Resumo
- 👉 A adoção corporativa do Bitcoin está se tornando um dos principais vetores estruturais de valorização do ativo no médio e longo prazo;
- 👉 A mudança contábil aprovada pelo FASB nos EUA permite que empresas reportem Bitcoin a valor justo, desbloqueando o apetite institucional;
- 👉 A Strategy (ex-MicroStrategy) lidera essa tendência, com 555.450 BTCs e prêmio de 250% sobre o NAV, atraindo investidores como Allianz e BlackRock;
- 👉 Empresas como Semler Scientific, Méliuz, Twenty One Capital e The Blockchain Group também passaram a alocar BTC como ativo estratégico;
- 👉 O ambiente macroeconômico, com 67% dos bancos centrais cortando ou mantendo juros e M2 global acima de US$ 108 tri, estimula busca por ativos escassos;
- 👉 A alocação de apenas 10% do caixa das 20 maiores empresas dos EUA poderia gerar US$ 164 bi em demanda, elevando o BTC acima de US$ 600 mil;
- 👉 A valorização do Bitcoin melhora os balanços das empresas já expostas, criando um ciclo reflexivo que facilita novas emissões e compras;
- 👉O custo de entrada mais alto para novas empresas valoriza ainda mais as que já acumulam BTC, reforçando a pressão compradora estrutural;
- 👉 O mercado segue em regime de baixa volatilidade, com fluxo ainda tímido do varejo, mas acúmulo intenso por parte de baleias institucionais;
- 👉 Baleias aumentaram em 41 mil BTCs suas reservas nas últimas 4 semanas, sugerindo convicção institucional em meio ao cenário macro incerto;
- 👉 O mercado aguarda decisão do FOMC, com consenso por manutenção dos juros, mas precificando cinco cortes em 2025;
- 👉Projeções apontam para estagflação nos EUA, com queda do PIB para 1,5% e núcleo do PCE acima de 2,8%, mas inflação corrente segue controlada;
- 👉 Expectativas inflacionárias estão descoladas dos dados reais e podem se reverter caso haja acordo comercial nos EUA;
- 👉Mesmo sem cortes imediatos, o ciclo de afrouxamento monetário é provável, e pode resultar em nova rodada de liquidez e valorização do BTC;
- 👉 O Bitcoin entra em uma nova era de adoção institucional, marcada por estratégias de acúmulo de longo prazo em estruturas corporativas e financeiras sofisticadas.
Introdução
Nos últimos meses, a narrativa dominante sobre o Bitcoin tem girado em torno da lateralização de preços e da ausência de grandes catalisadores macroeconômicos no curto prazo. No entanto, por trás dessa aparente estagnação, uma transformação estrutural silenciosa está em curso: empresas estão se consolidando como os novos compradores passivos de Bitcoin.

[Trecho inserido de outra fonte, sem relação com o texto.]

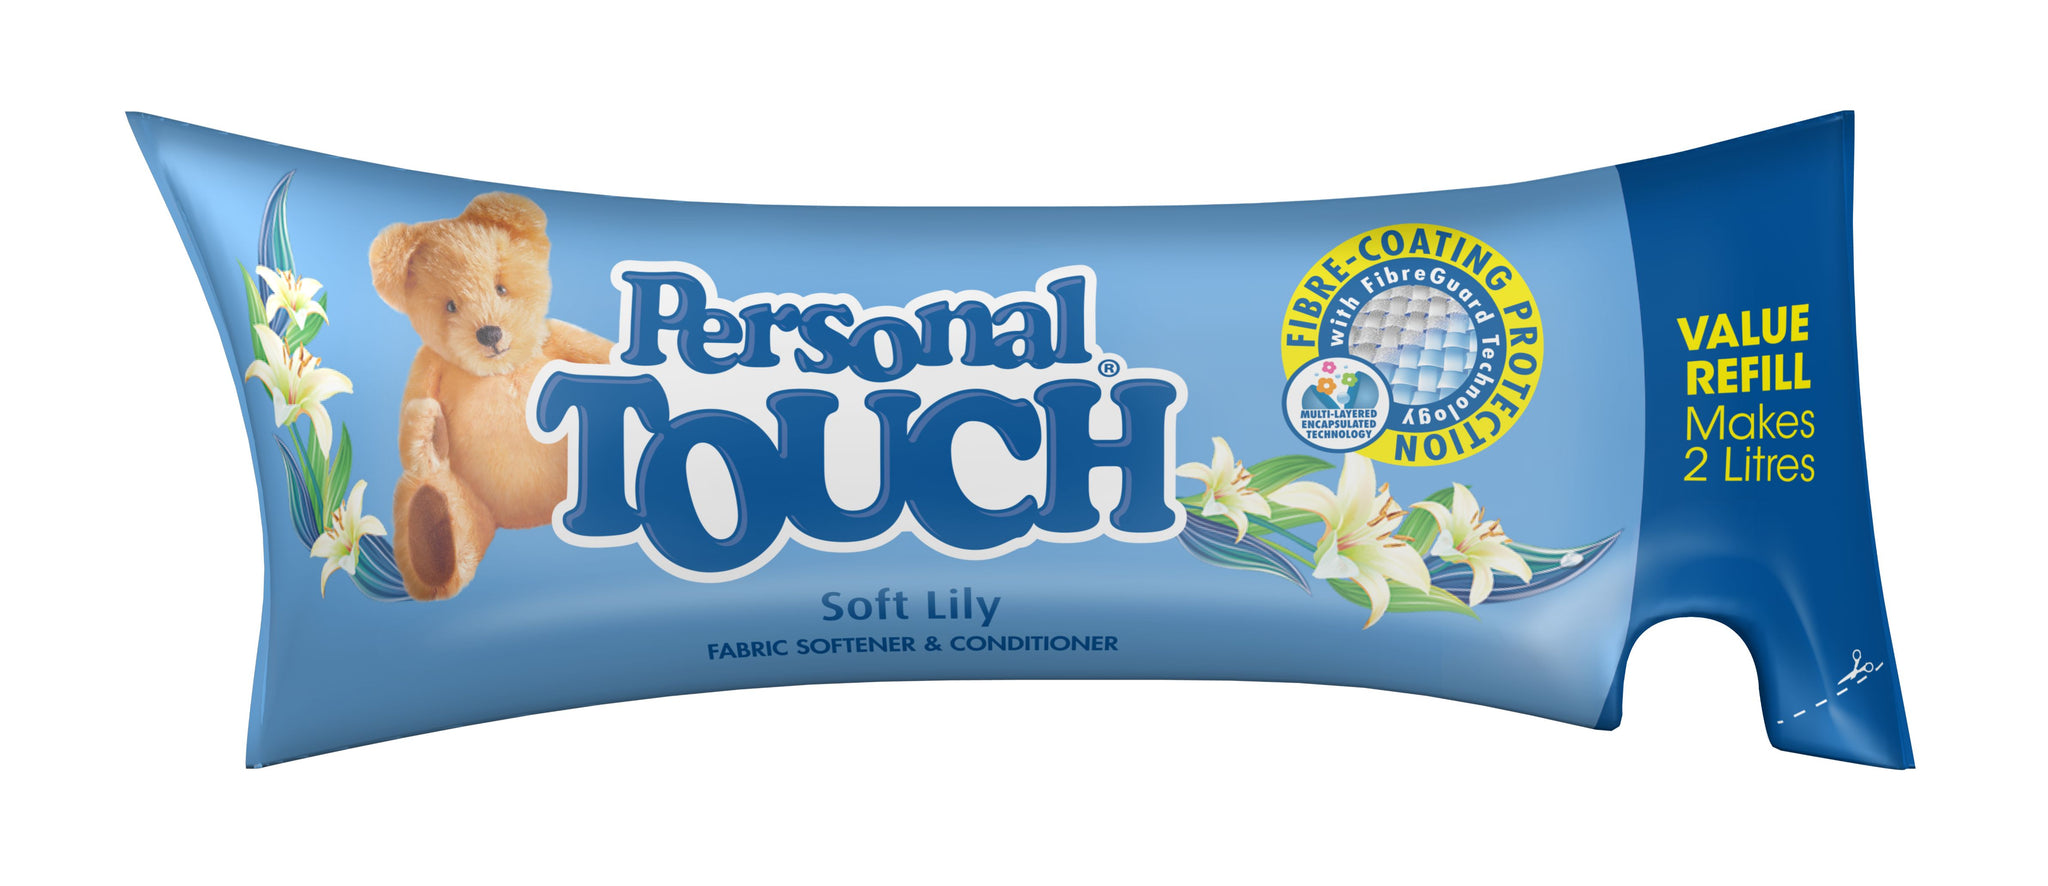 Personal Touch Refill - Soft Lily - 500ml

Ao contrário de ciclos anteriores, marcados por investidores oportunistas, o ciclo atual começa a ser moldado por fluxos corporativos estáveis, duradouros e estrategicamente ancorados em tesourarias robustas. Este relatório explora por que esse movimento pode redefinir o equilíbrio entre oferta e demanda do Bitcoin nos próximos anos.
Vamos lá!
Empresas são os compradores “passivos” que poucos perceberam
A crescente adoção corporativa do Bitcoin representa, sob uma ótica quantitativa e estrutural, uma das forças mais relevantes de sustentação e valorização contínua do ativo no médio e longo prazo. Diferentemente de ciclos anteriores, marcados predominantemente pela entrada de investidores individuais ou de natureza especulativa, o novo fluxo comprador emerge de tesourarias empresariais e instituições com balanços sólidos, horizontes estratégicos de longo prazo e objetivos claros de preservação patrimonial.
A mudança contábil introduzida recentemente pelo FASB nos Estados Unidos é um divisor de águas nesse processo. Ao permitir que companhias passem a reportar seus ativos digitais pelo valor justo de mercado, a norma elimina as distorções que desincentivavam alocações mais agressivas.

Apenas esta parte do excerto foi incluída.